To get back to your question - there was (while a little pricey as I recall), but very cool sandpaper-holder shown/promoted here on KKF that could be just what you are looking for. Or I could just come up with an idea ... I think I just did


----------



## Marek07 (Jul 26, 2018)

Matus said:


> ...
> To get back to your question - there was (while a little pricey as I recall), but very cool sandpaper-holder shown/promoted here on KKF that could be just what you are looking for. Or I could just come up with an idea ... I think I just did


I think you're referring to the one @Nemo referenced above. The Ultimate Sandpaper Holder by Kasfly. Highly recommended piece of kit despite its price tag. Find it here: http://www.knivesandstones.com/the-ultimate-sandpaper-holder-215mm-60mm-by-kasfly-czar-precision/


----------



## Kippington (Jul 26, 2018)

Coarse stones are such a pain in the a$$ to keep flat!
I tend to do most of my steel removal with the belts, then go more accurately with a coarse diamond plate. Sandpaper is a polishing thing for me (and good for beginner sharpeners on a budget).


----------



## Matus (Jul 26, 2018)

Marek07 said:


> I think you're referring to the one @Nemo referenced above. The Ultimate Sandpaper Holder by Kasfly. Highly recommended piece of kit despite its price tag. Find it here: http://www.knivesandstones.com/the-ultimate-sandpaper-holder-215mm-60mm-by-kasfly-czar-precision/



Yes, that is the one and is indeed looks like a well thought out and well made product.

EDIT: I actually need to try sandpaper for this purpose myself (when making a knife) as I often finish the bevel close to cutting edge on a stone to make sure I have not low spots or more serious issues there.


----------



## masibu (Jul 26, 2018)

I've been looking at this product for months whilst waiting for the sukenari ginsan to come back in stock.
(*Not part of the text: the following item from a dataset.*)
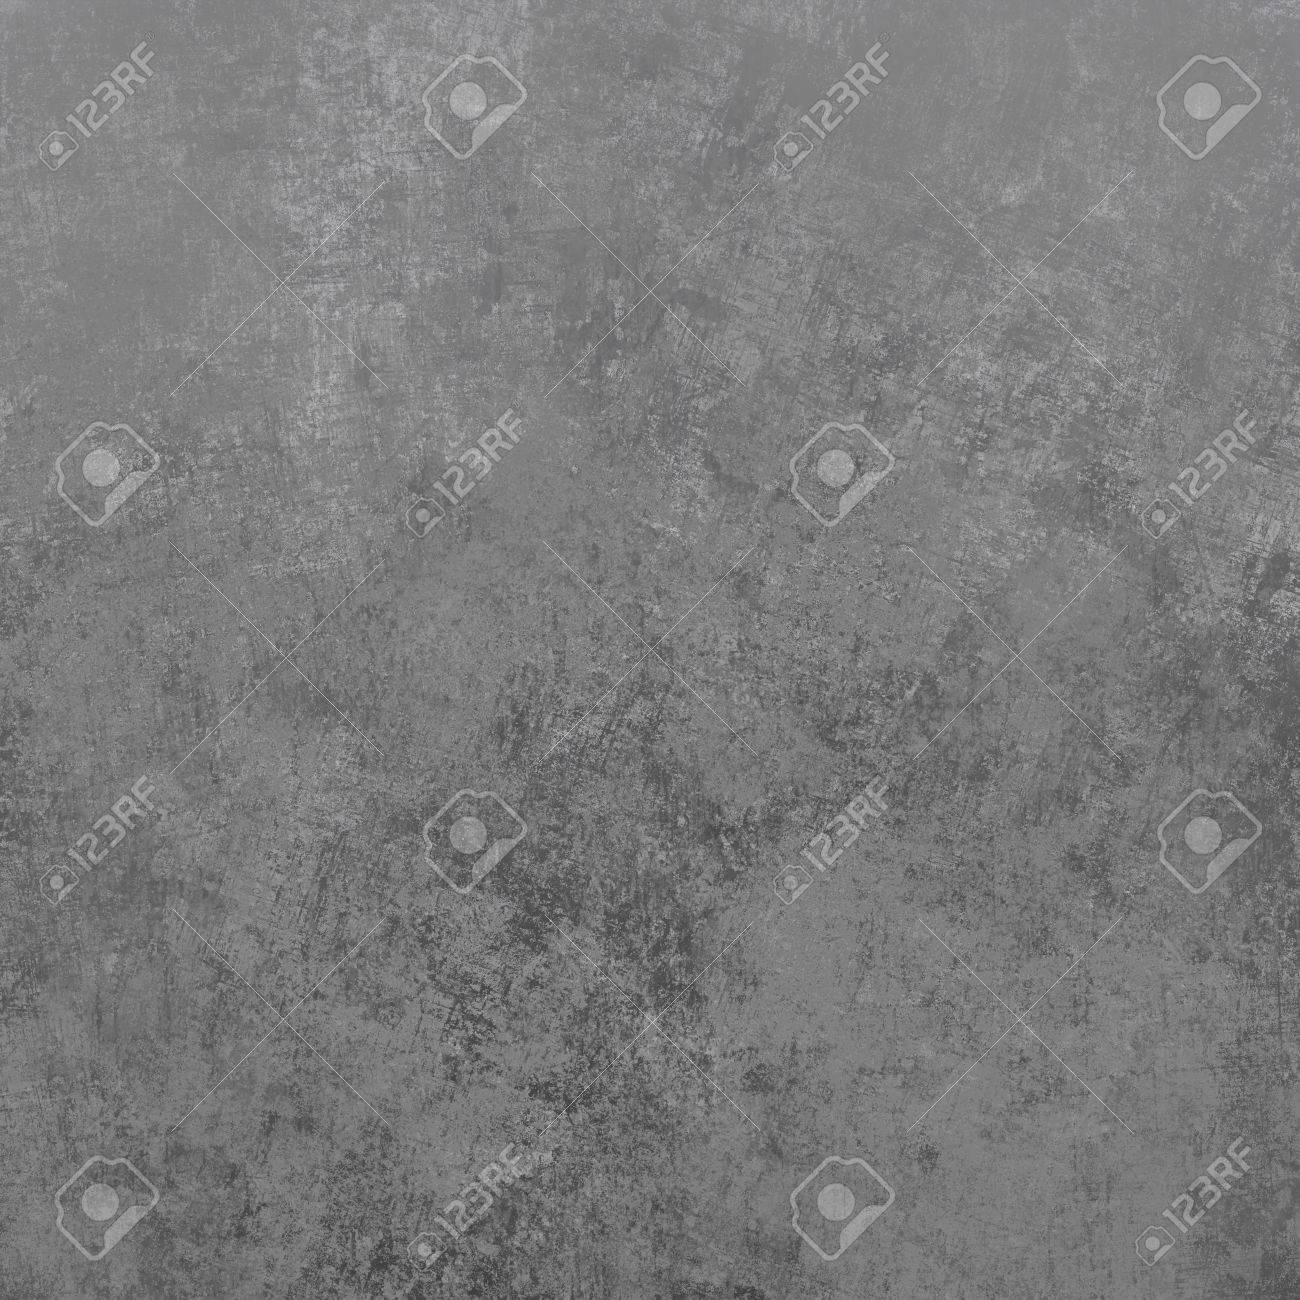 Grey designed grunge background. Vintage abstract texture - 75825127

Get your eyes off it its mine!


----------



## abepaniagua (Jul 26, 2018)

I posted about this one: SandDevil


----------



## mikaelsan (Jul 26, 2018)

I do my very rough work on sandpaper as well, but I've never gotten the water on the back of the paper to work for me. Thinking of trying out some double sided tape for the purpose. I used to use a granite plate. My latest thing is I took some flat enough wood, stretched the paper over the side and stapled it on. But it's not a 100% flat on the sides


----------



## Mucho Bocho (Jul 26, 2018)

Abe, you could use that sanddevil but a wet side walk could work just as well.


----------



## HRC_64 (Jul 26, 2018)

If you have a big vice I would try this out.

https: //youtu.be/XMfnhCGsE1E?t=140



Use a big 4x4 block (rectangular) with a round belt-sander abrasive belt
It can be then tensioned with two wood blocks underneath 
you push the blocks out to the ends to pull the belt tight (the 90* corneers do the work).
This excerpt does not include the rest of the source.